Color difference makes a difference: four planet candidates around tau Ceti (1708.02051v1)

Abstract: The removal of noise typically correlated in time and wavelength is one of the main challenges for using the radial velocity method to detect Earth analogues. We analyze radial velocity data of tau Ceti and find robust evidence for wavelength dependent noise. We find this noise can be modeled by a combination of moving average models and "differential radial velocities". We apply this noise model to various radial velocity data sets for tau Ceti, and find four periodic signals at 20.0, 49.3, 160 and 642 d which we interpret as planets. We identify two new signals with orbital periods of 20.0 and 49.3 d while the other two previously suspected signals around 160 and 600 d are quantified to a higher precision. The 20.0 d candidate is independently detected in KECK data. All planets detected in this work have minimum masses less than 4$M_\oplus$ with the two long period ones located around the inner and outer edges of the habitable zone, respectively. We find that the instrumental noise gives rise to a precision limit of the HARPS around 0.2 m/s. We also find correlation between the HARPS data and the central moments of the spectral line profile at around 0.5 m/s level, although these central moments may contain both noise and signals. The signals detected in this work have semi-amplitudes as low as 0.3 m/s, demonstrating the ability of the radial velocity technique to detect relatively weak signals.

• The paper introduces an innovative noise model combining moving average methods with differential RVs to effectively isolate wavelength-dependent noise.
• The study detects four weak planetary signals, each with a mean semi-amplitude of 0.3 m/s and orbital periods of approximately 20, 49, 160, and 600 days.
• The results highlight the potential of advanced noise modeling techniques to enhance radial velocity analyses and improve Earth-like exoplanet detection.

A Comprehensive Analysis: Detecting Planetary Candidates Around ✰ Ceti Through Enhanced Noise Modeling

This paper presents an intricate analysis of radial velocity (RV) data to identify potential planetary candidates orbiting ✰ Ceti, a Sun-like star. The investigation employs an advanced noise model that transcends traditional RV analysis by incorporating time and wavelength-dependent noise, notably enhancing the precision of detected signals. Focus is placed on identifying and distinguishing between genuine Keplerian signals and those generated or distorted by noise.

Radial Velocity Data: Challenges and Significance

Detecting Earth-analog exoplanets through the RV method is often hindered by noise that correlatively fluctuates with time and wavelength. While extreme precision spectrographs have improved, achieving the necessary precision to detect Earth-like planets remains elusive, especially when instrumental and stellar noise contaminate the RV measurements. The paper addresses these issues by leveraging a new type of noise model, differentiating from standard practice in RV analyses.

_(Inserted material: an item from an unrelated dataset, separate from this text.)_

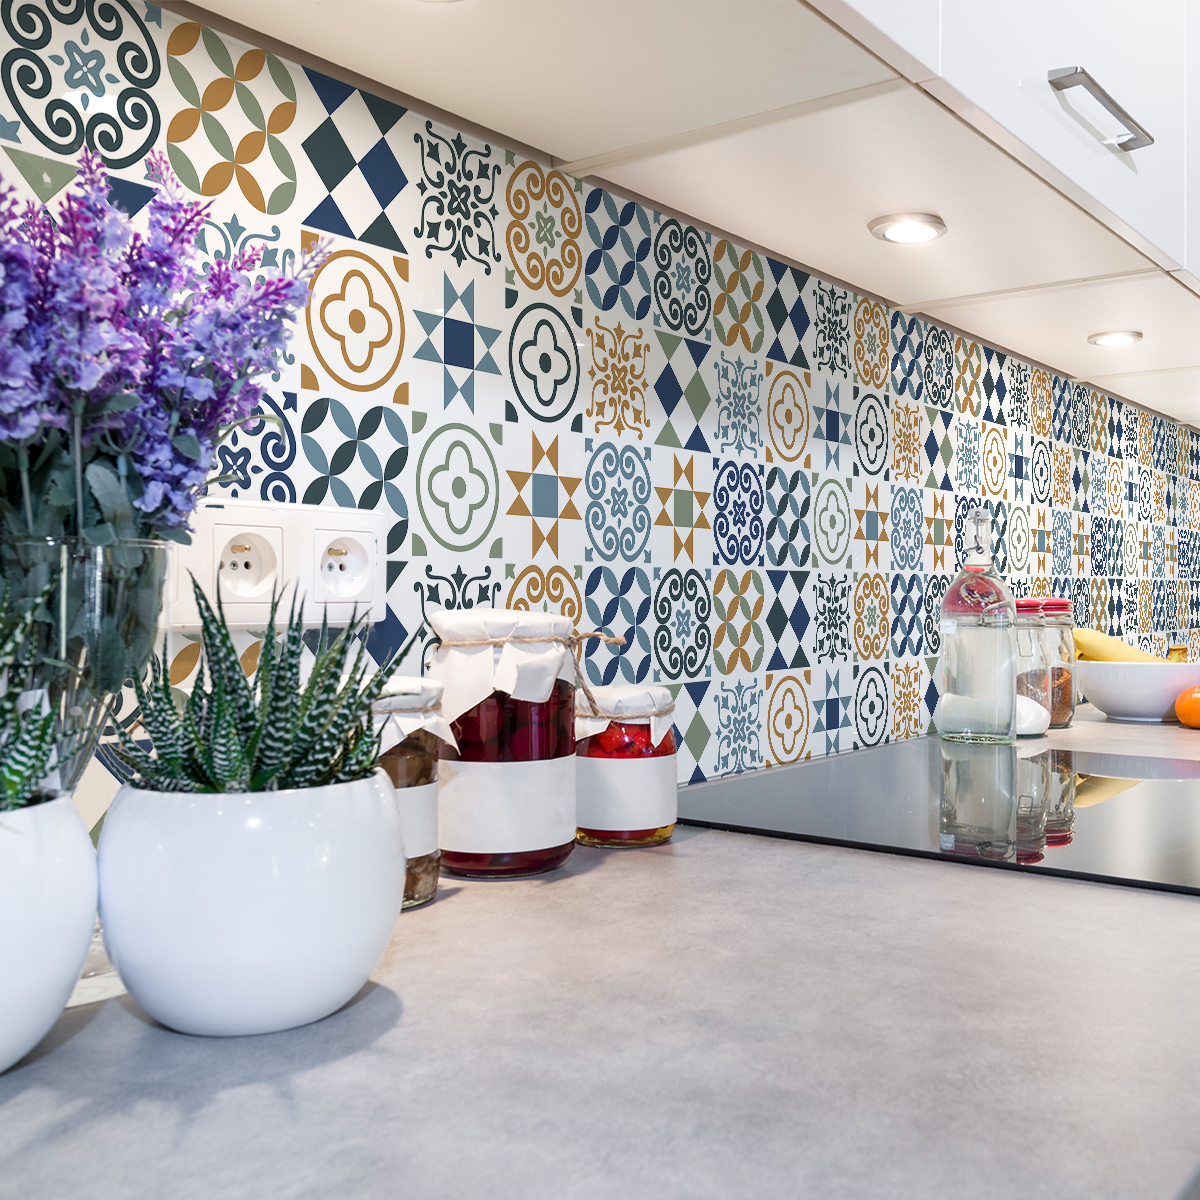 60 stickers carreaux de ciment azulejos hana cuisine carrelages ambiance sticker. Black Bedroom Furniture Sets. Home Design Ideas

Innovative Noise Modeling Approach

The authors propose a novel strategy by integrating moving average models with "differential RVs," which hinge on wavelength variations across different spectral orders. This integration aims to isolate and remove wavelength-dependent noise, effectively untangling planetary signals from the noise that averages over these spectra often fail to eliminate. By comparing various noise models within a Bayesian framework, they ascertain the effectiveness of their model in reducing false positives and improving signal detection fidelity.

Detecting Planetary Candidates

The paper reveals the presence of four distinct signals with periodicities of approximately 20, 49, 160, and 600 days, suggesting these are potential planets. The confirmation of the 600-day signal over its 1000-day alias supports its planetary origin due to lower associated eccentricity. These signals emerge with mean semi-amplitudes around 0.3 m/s, indicative of their weak nature and underscoring the capabilities of the RV method when coupled with advanced noise modeling.

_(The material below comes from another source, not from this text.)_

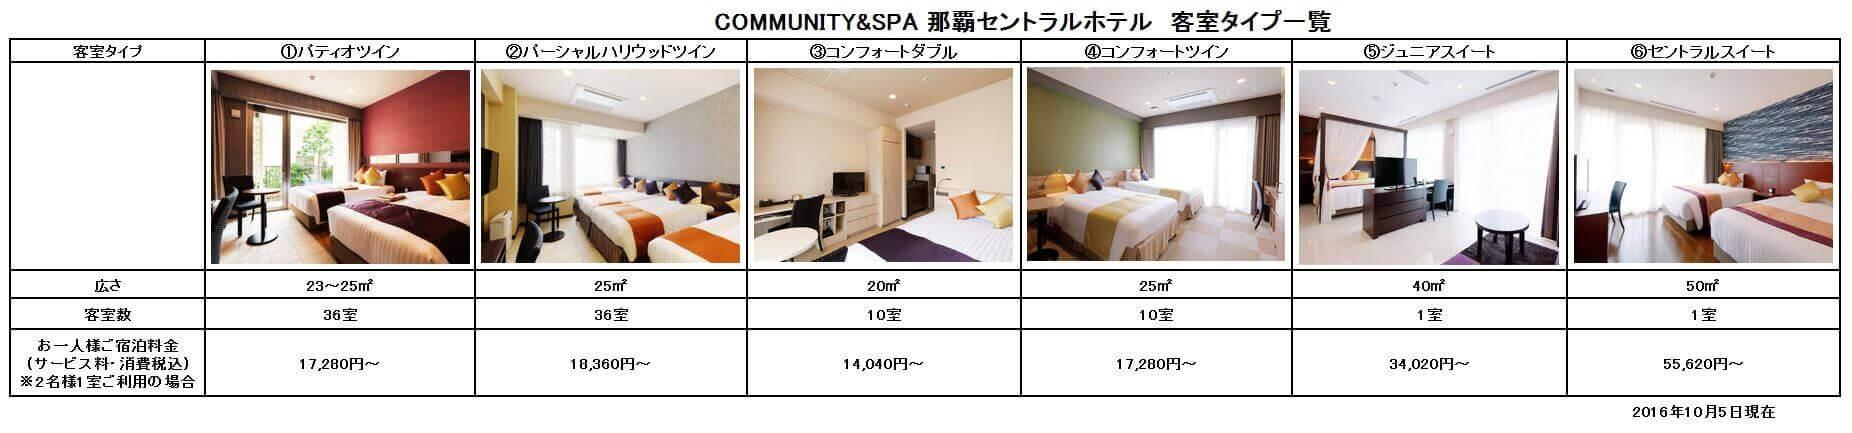 naha-central-hotel-chart

Theoretical and Practical Implications

This work proposes that adopting differential RVs could significantly bolster the fidelity of RV measurements in discerning genuine planetary signals. Stellar activity's wavelength dependency, unveiled by power variations across differential RVs, poses a new dimension for assessing activity influences on RV data. The method offers a roadmap for reanalyzing previously detected sub-m/s planet candidates and highlights the necessity for adopting comprehensive noise models in future observations.

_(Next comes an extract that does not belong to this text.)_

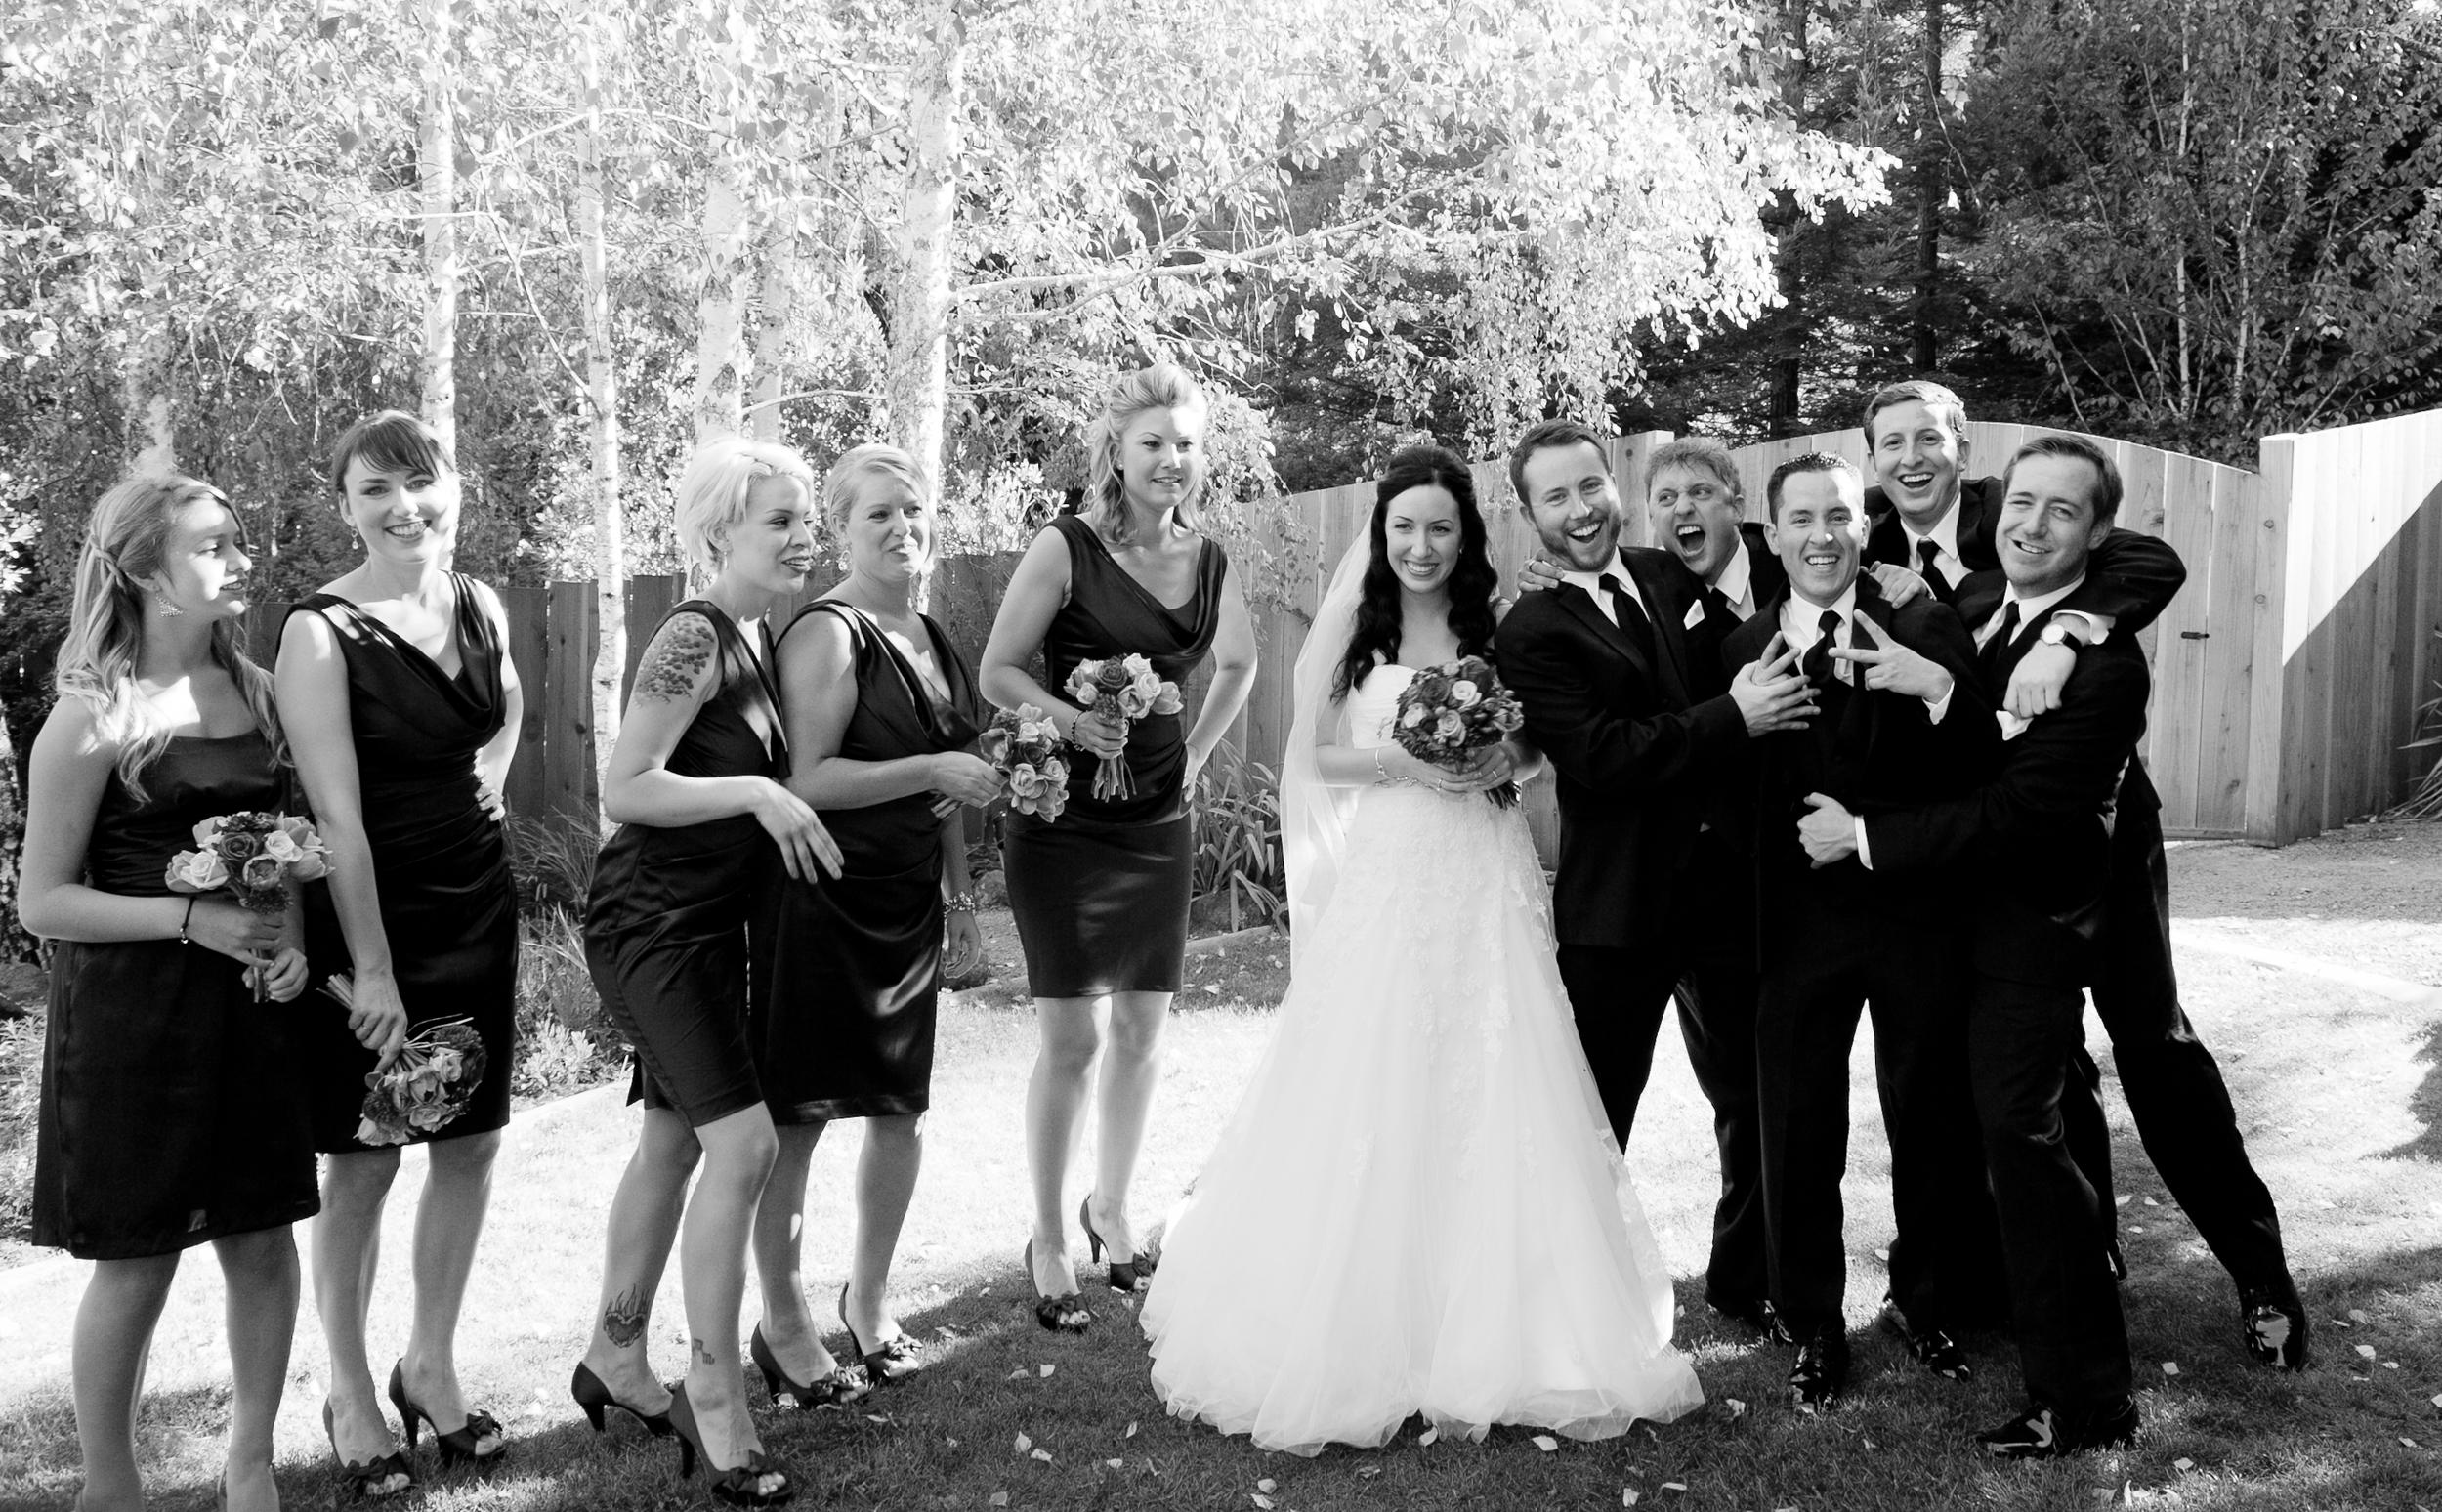 Wedding party at sebastopol wedding

Future Prospects and Research Directions

The conclusions drawn from ✰ Ceti's RV data not only elucidate the potential exoplanetary system surrounding this star but also serve a broader directive for upcoming exoplanet exploration endeavors. As high-precision spectrograph technology advances, the methodological framework laid out within this paper could play a pivotal role in the detection of Earth analogs. Future research should aim at extending these noise modeling techniques to other stars, offering insights into stellar variability and instrumental biases that influence RV data precision.

Conclusion

The paper proposes significant advancements in RV analysis methodologies, notably through the introduction of differential RVs to address wavelength-dependent noise. The enhanced modeling approach substantially improves the capability of detecting weak planetary signals around ✰ Ceti, offering a robust methodology that could have far-reaching impacts on RV-based exoplanet detection, specifically concerning the search for Earth-like planets. Such strategic methodological shifts indicate promising new directions in astrophysical research and planetary exploration.